— Exercise —
Write every line below out again exactly, images omitted.

— Supplied material —
********
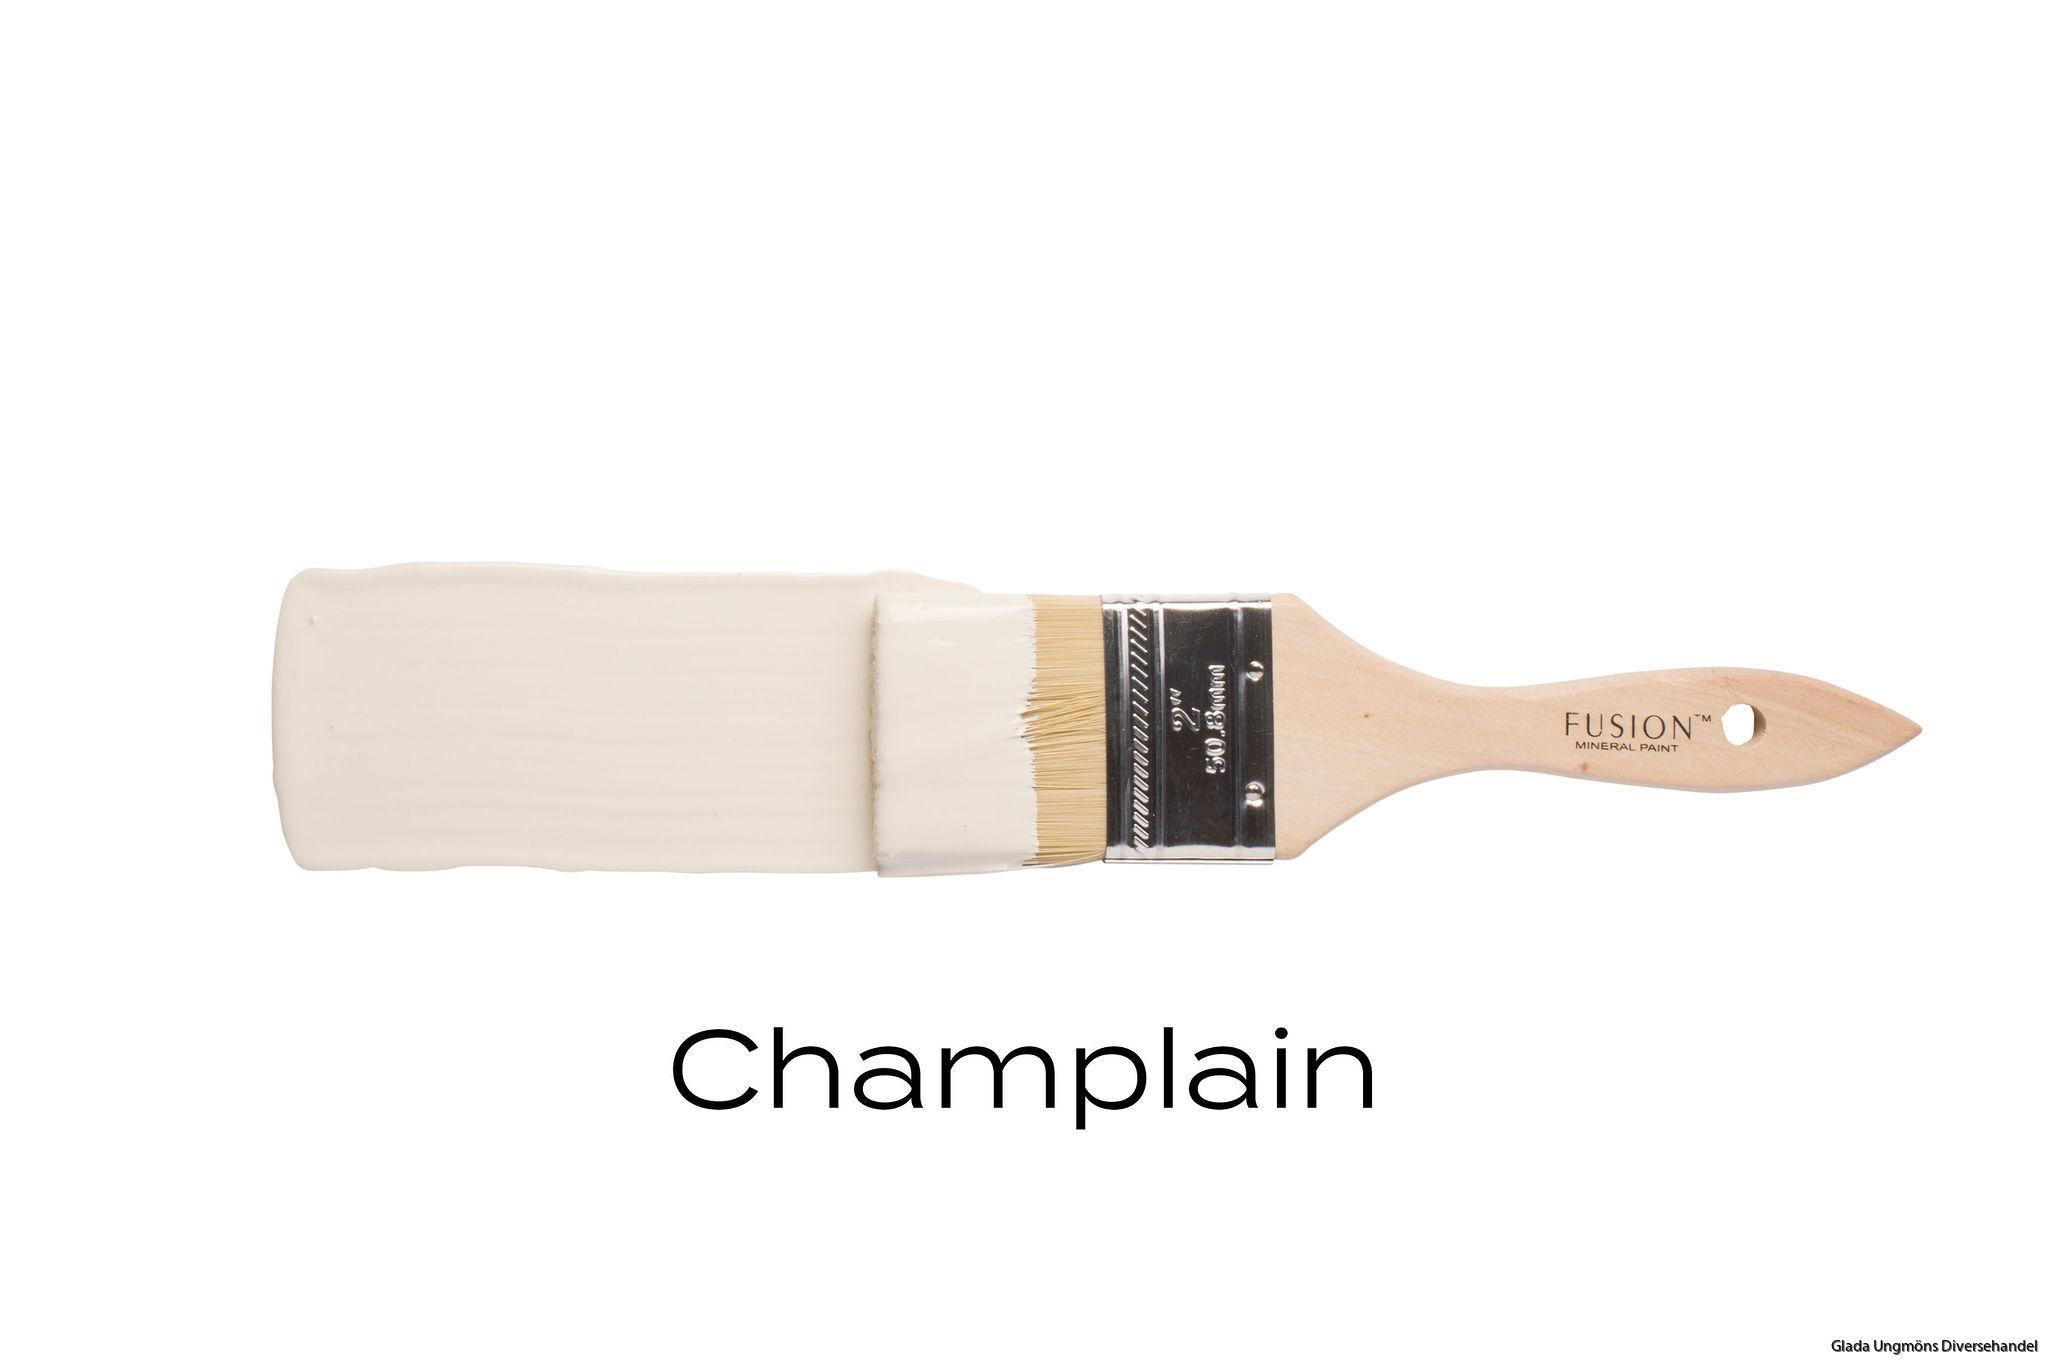 T3CHAMPLAIN
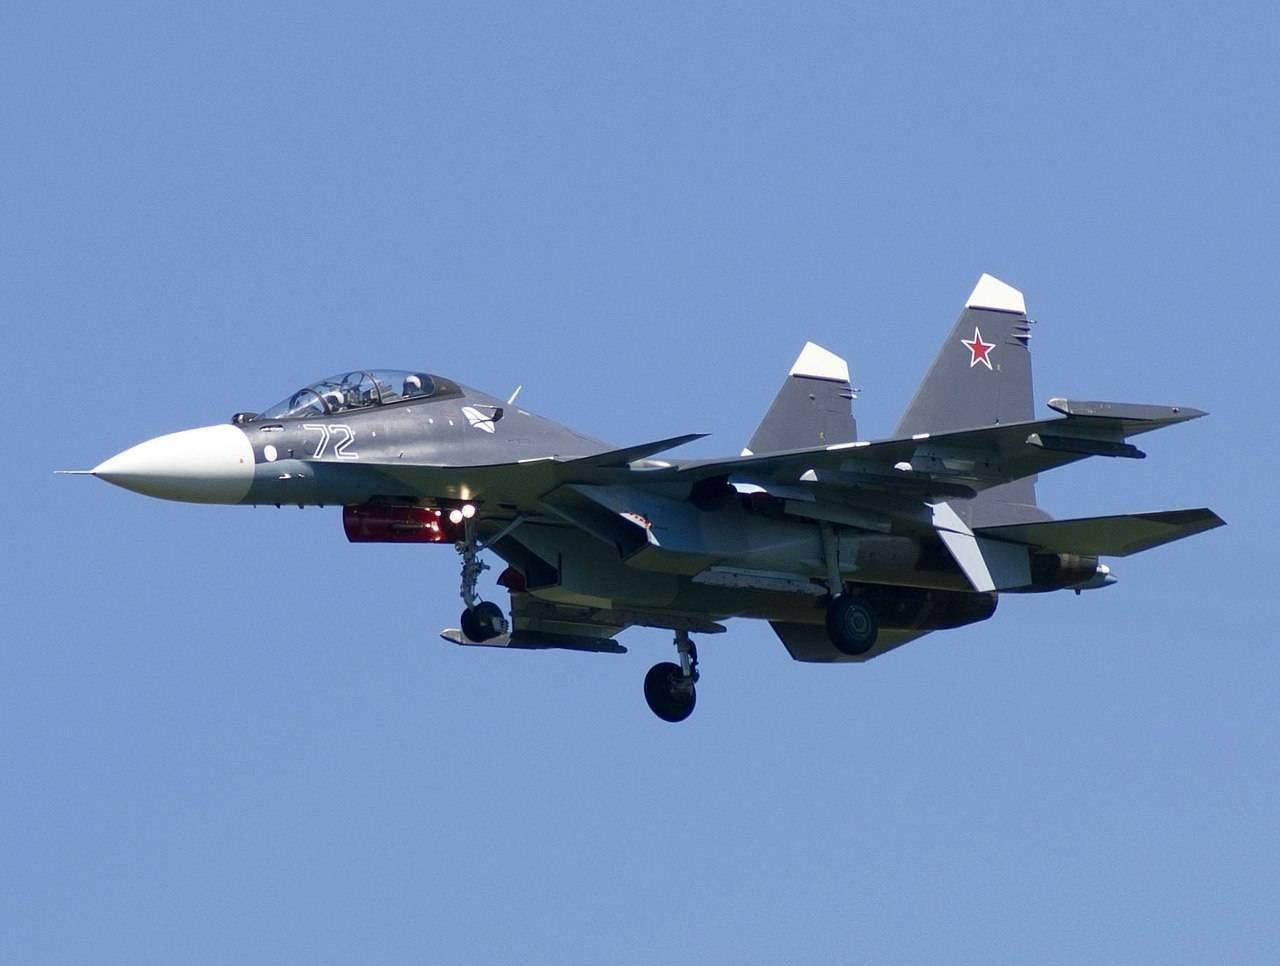 Два новейших истребителя СУ-30 СМприбыли наБалтийский флот
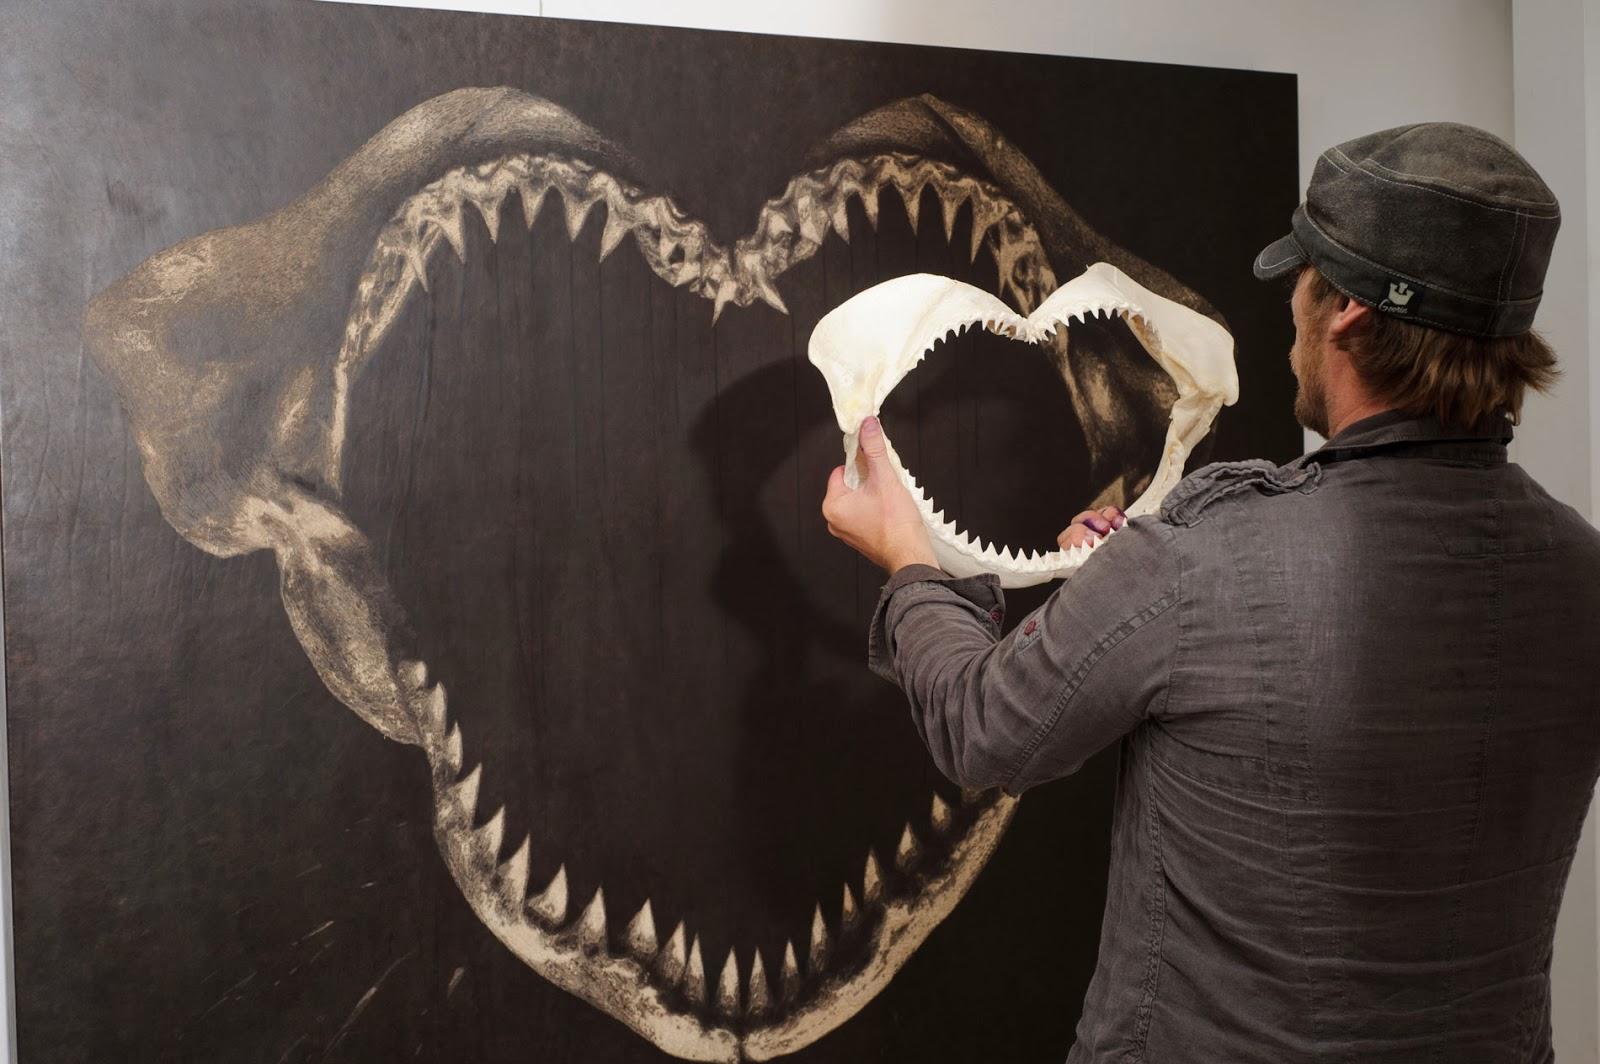 06-Artist-Mark-Evans-Engraved-Leather-Artwork-www-designstack-co
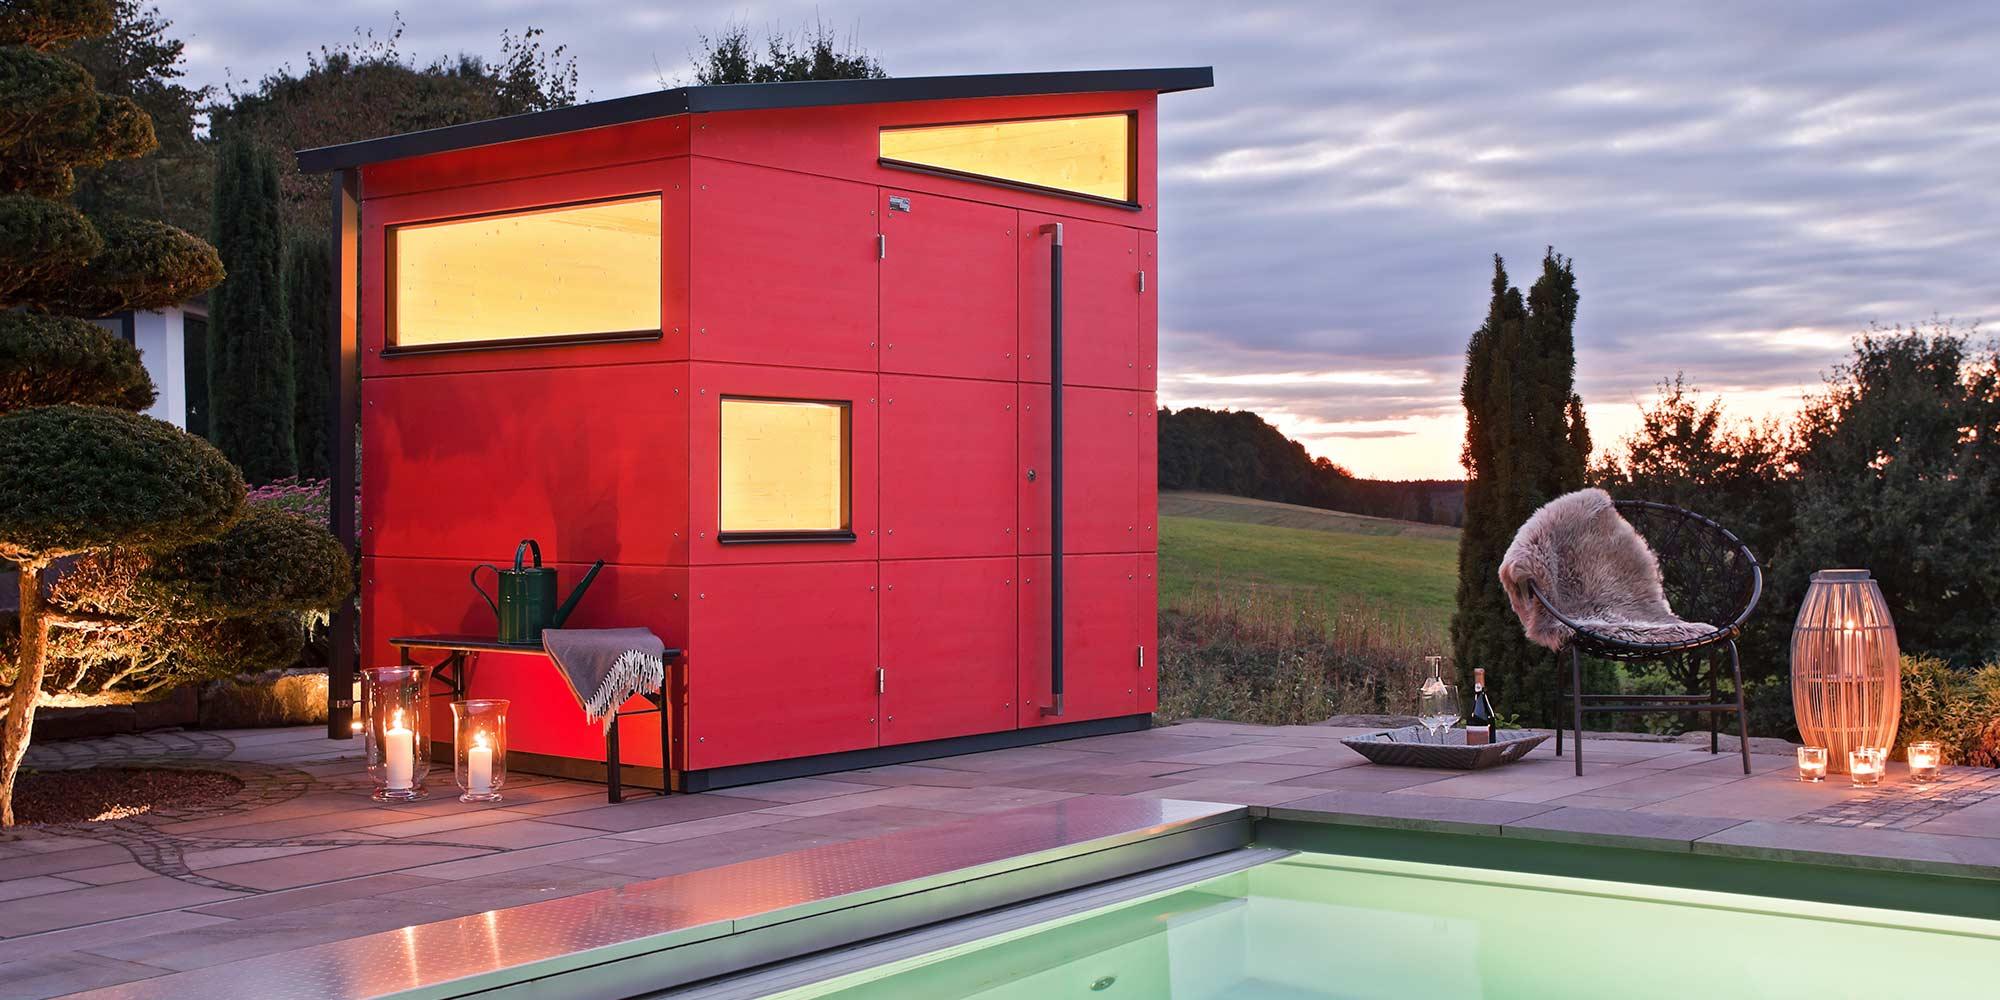 Bilder & Fotos Holz-Gartenhaus | Gartenhaus Galerie | GARTANA
********
— Written response —
 T3CHAMPLAIN
 Два новейших истребителя СУ-30 СМприбыли наБалтийский флот
 06-Artist-Mark-Evans-Engraved-Leather-Artwork-www-designstack-co
 Bilder & Fotos Holz-Gartenhaus | Gartenhaus Galerie | GARTANA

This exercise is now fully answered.